This week on TechHive: Apple, Amazon, and the future of video bundling



Aside from lower bills and greater flexibility, one of the benefits of ditching cable or satellite TV is that you’re less dependent on an industry with historically awful customer relationships. The less one has to interact with Comcast, Charter, or DirecTV, the better.

But cutting ties with cable TV does have a downside: Instead of dealing with just one company for TV services, you might have to manage multiple streaming accounts. As online video transitions from “skinny” bundles to more standalone streaming services, you might wish for a way to bundle them all under one bill—kind of like you did with cable.

In this week’s column, I make the case that streaming platforms from Apple, Amazon, Google, and Roku are best-suited for this new type of bundling, despite arguments to the contrary by pro-cable pundits. Read the whole thing on TechHive.

Weekly Rewind

The unsurprising future of Netflix: One story I neglected in last week’s newsletter was this report from Streaming Observer, which tries to quantify deteriorating movie quality on Netflix. Based on IMDB rankings, Netflix only has 31 of the top 250 movies, down from 49 films two years ago. (Netflix has also reduced the size of its library in recent years.)

I suspect that number fluctuates from month to month, but the analysis rings true for an obvious reason: Instead of licensing lots of existing films and TV shows, Netflix is investing more in originals. This week, Netflix said it will release 1,000 hours of original content in 2017, up from 600 hours this year. Netflix figures originals will be cheaper to produce in the long run, and will allow for more control on both the business and creative sides. Besides, Netflix becomes harder for subscribers to replace if it produces more unique shows like Stranger Things.

Is this bad news for movie buffs? Not really, because now there are so many other ways to scratch that itch. Starz, which once had a major licensing deal with Netflix, now offers its own streaming service with plenty of recent blockbusters, as do HBO and Showtime. Meanwhile, services like Fandor, Filmstruck, and Tribeca Shortlist offer artsier films. If you don’t like where Netflix is headed, there’s nothing stopping you from finding another service that better-matches your interests. That’s precisely how cord cutting is supposed to work.

Vudu dabbles in free films: Speaking of movies, Vudu has started branching out from a la carte rentals and purchases. The Walmart-owned streaming service now offers a selection of films for free with ads. All you need to access them is a Vudu login and a device with the Vudu app (including iOS, Android, Roku, Chromecast, and some Android TV devices). Just look for the “Movies On Us” section in the app.

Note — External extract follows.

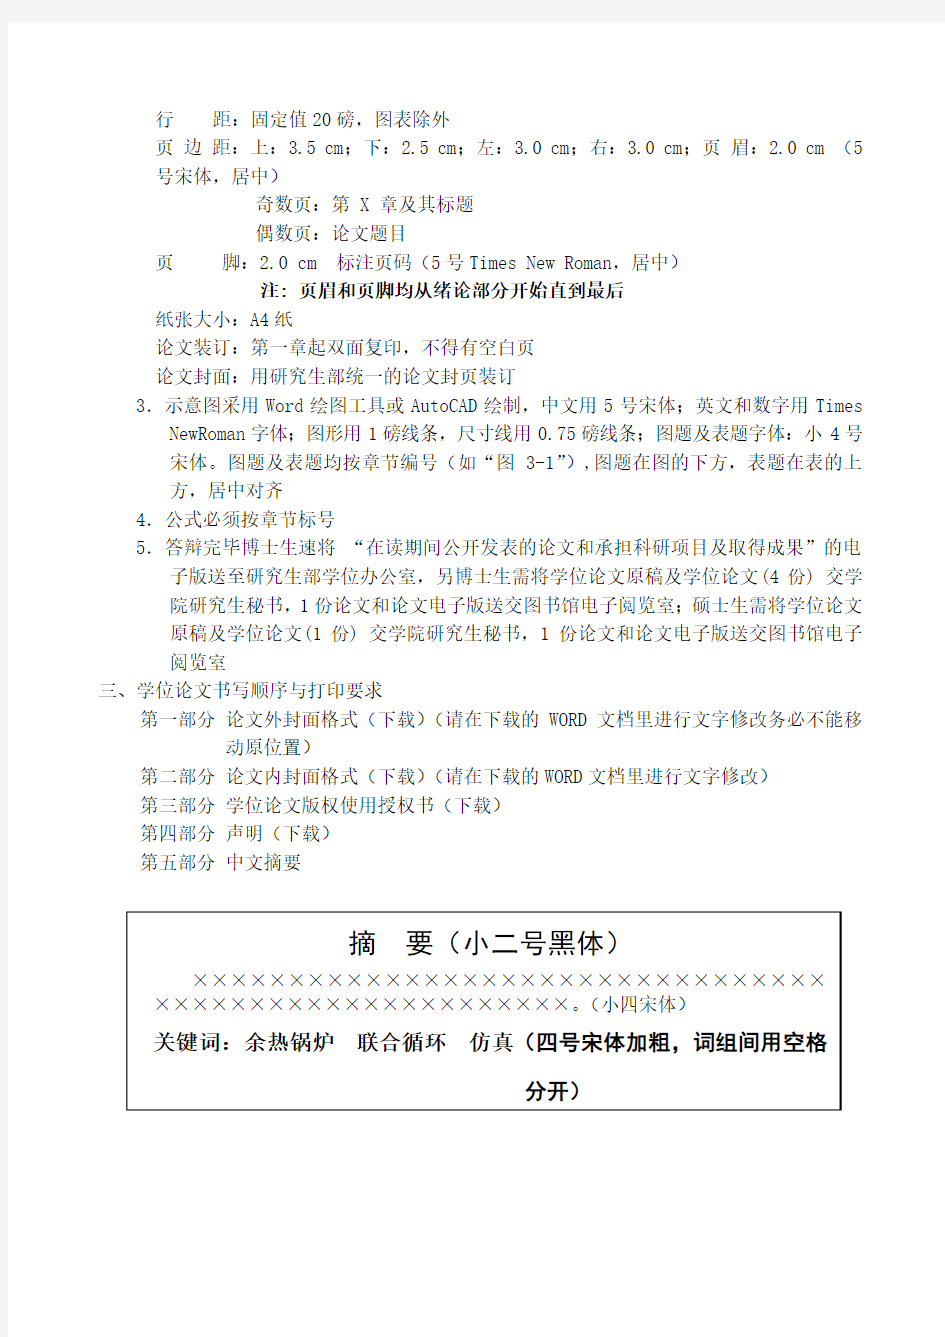 上海理工大学博士、硕士学位论文格式要求2013-12-06

As with most ad-supported movie services, Vudu includes a lot of filler. Some of the gems include Mad Max, Winter’s Bone, Carrie, and True Grit. There’s also a decent selection of surf and snowboard films to chill out with.

More Catch-Up

Save More Money



Once again, I’m featuring last year’s Roku 3 as this week’s deal, probably for the last time as inventory clears out. Amazon has it for $83 (or $73 refurbished), but the bigger deals may be in brick and mortar stores. Plug your zip code into this website, and you can see which locations near you have the discounted Roku 3 in stock. You can also check nearby Target stores by entering your zip code and DCPI 008-06-1507.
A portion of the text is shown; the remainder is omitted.